Lafayette 148
- Industry: Fashion clothing
- Founded: 1996
- Founder: Deirdre Quinn, Shun Yen Siu and Ida Siu
- Headquarters: Brooklyn Navy Yard
- Website: www.lafayette148ny.com

= Lafayette 148 =

American fashion house

Lafayette 148 is an American fashion house located in New York City. Originally launched in 1996 by Deirdre Quinn, Shun Yen Siu and Ida Siu, the brand produces women's clothing, footwear and accessories. It is a privately owned company.

==History==

Lafayette 148 was co-founded by Deirdre Quinn, Shun Yen Siu, and Ida Siu. Quinn worked at Donna Karan while the Siu duo were clothing manufacturers in New York City. The company is named after its founding address in Manhattan’s SoHo neighborhood at 148 Lafayette Street.

In 2003, Lafayette 148 opened a design studio and production facility in Shantou, China.

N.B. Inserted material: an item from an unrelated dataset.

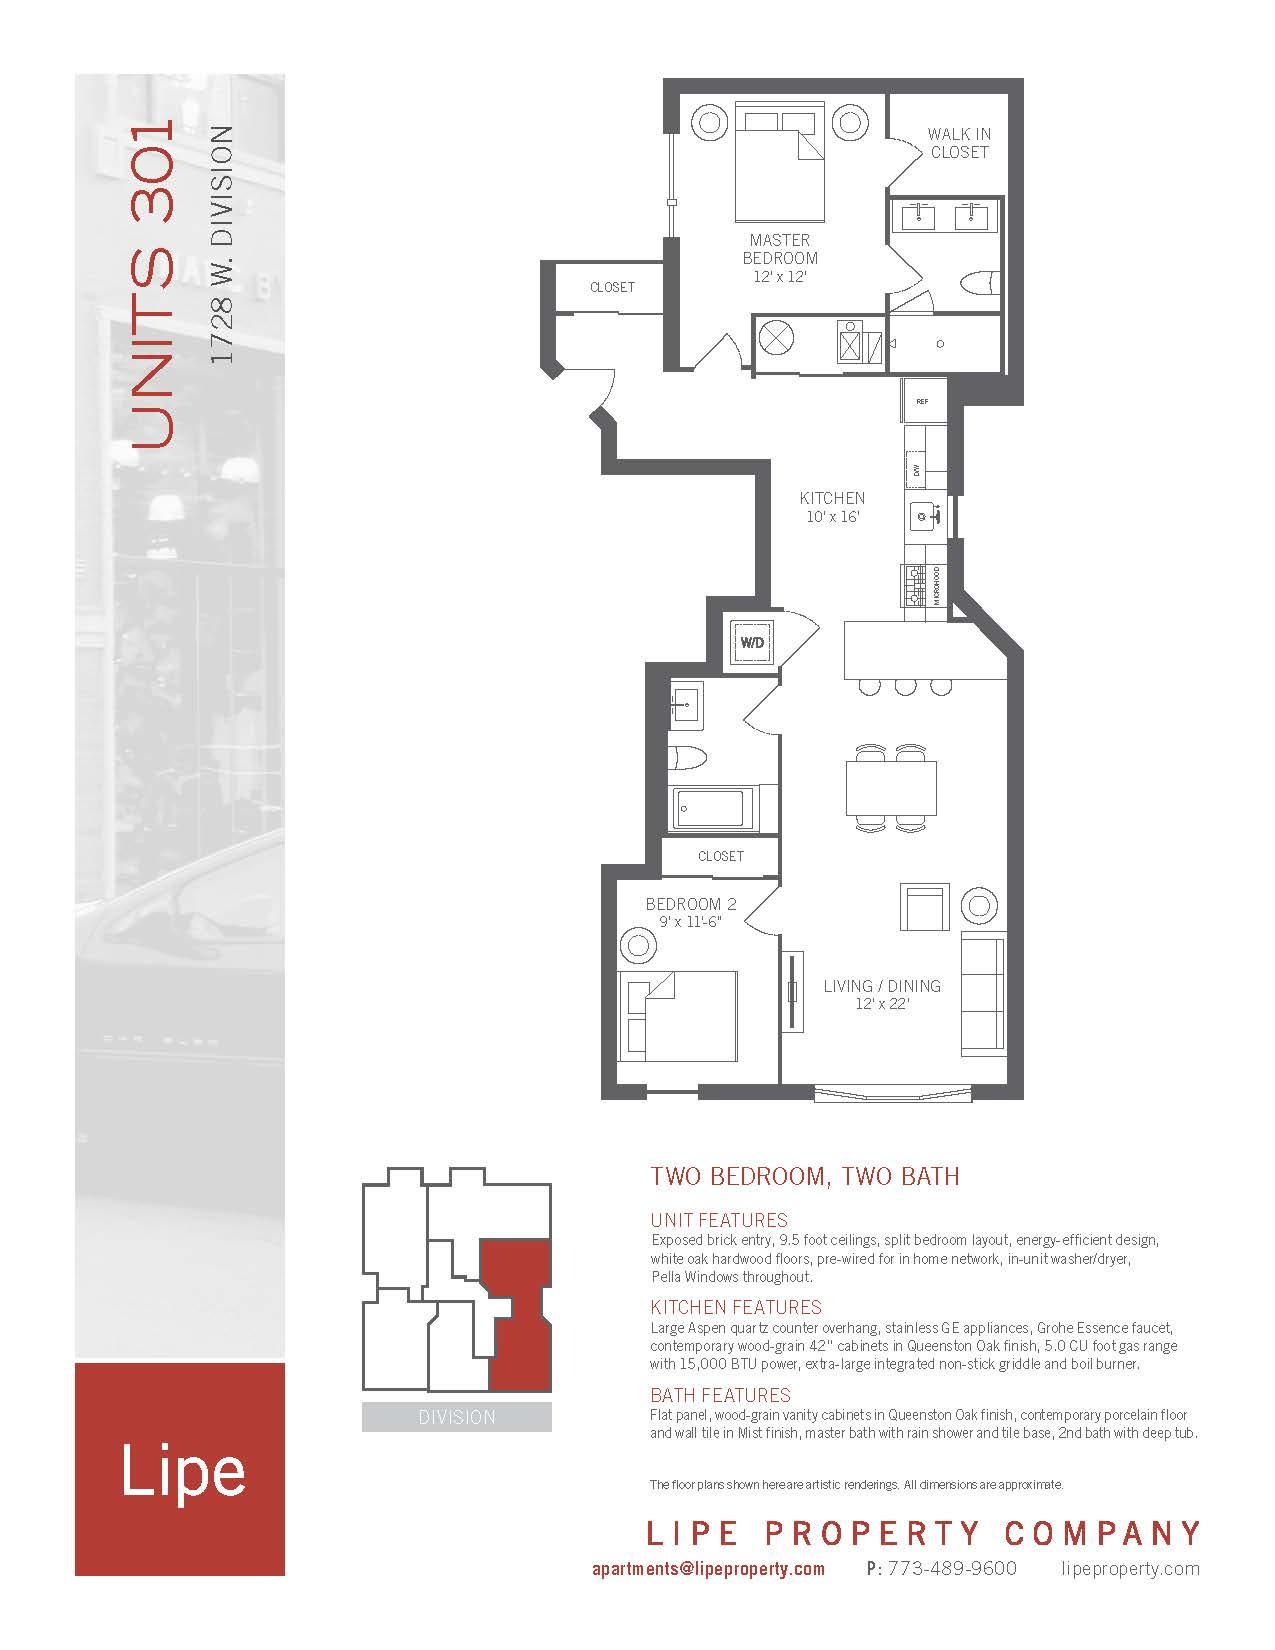 1728-West-Division-301-Floorplan-Chicago-apartment-for-rent.jpg

In August 2018, it moved its corporate headquarters to the Brooklyn Navy Yard, while operating the concept store at its founding address. Deirdre Quinn is the CEO of the brand.

As of July 2019, the company reported $200 million in revenue with the collection available in 400 stores in North America and China and 24 full-line stores worldwide. In September 2019, the company launched a boutique at Madison Avenue in New York City.

In April 2020, Lafayette 148 collaborated with the Brooklyn Navy Yard, the NY Economic Development Council (NYEDC) and defense supplier Crye Precision to manufacture surgical gowns for New York's front line medical workers during the coronavirus pandemic. In June 2020, Lafayette 148 launched AtelierDirect, a new division of the business providing private selling and styling services to its users in 25 markets in the US. In September 2020, the company introduced their footwear collection including all styles of shoes which are made in Spain with materials sourced from Italy. In late 2020, it opened new boutiques in Miami's Bal Harbour Shops and New Jersey's The Mall at Short Hills.

==Design ==

Creative Director Emily Smith is the head of design at Lafayette 148. The company is known for fine craftsmanship and clean-lined professional wear and sportswear with a modern, New York sensibility and made from high-quality European fabrics. Professional suiting, elevated essentials, leather and cashmere are all mainstays of the Lafayette 148 collection. Their products have been worn by Melinda Gates, Michelle Obama, Helen Mirren, Melissa McCarthy, Glenn Close, Oprah Winfrey and Kamala Harris.

==Corporate citizenship==
Lafayette 148 philanthropic venture is the School of Dreams, a non-profit elementary school founded in China in 2007. As part of the company's second annual UnordinaryWomen initiative in 2020, Lafayette 148 honored changemaking women in support of Girl Rising, a non-profit organization for girls.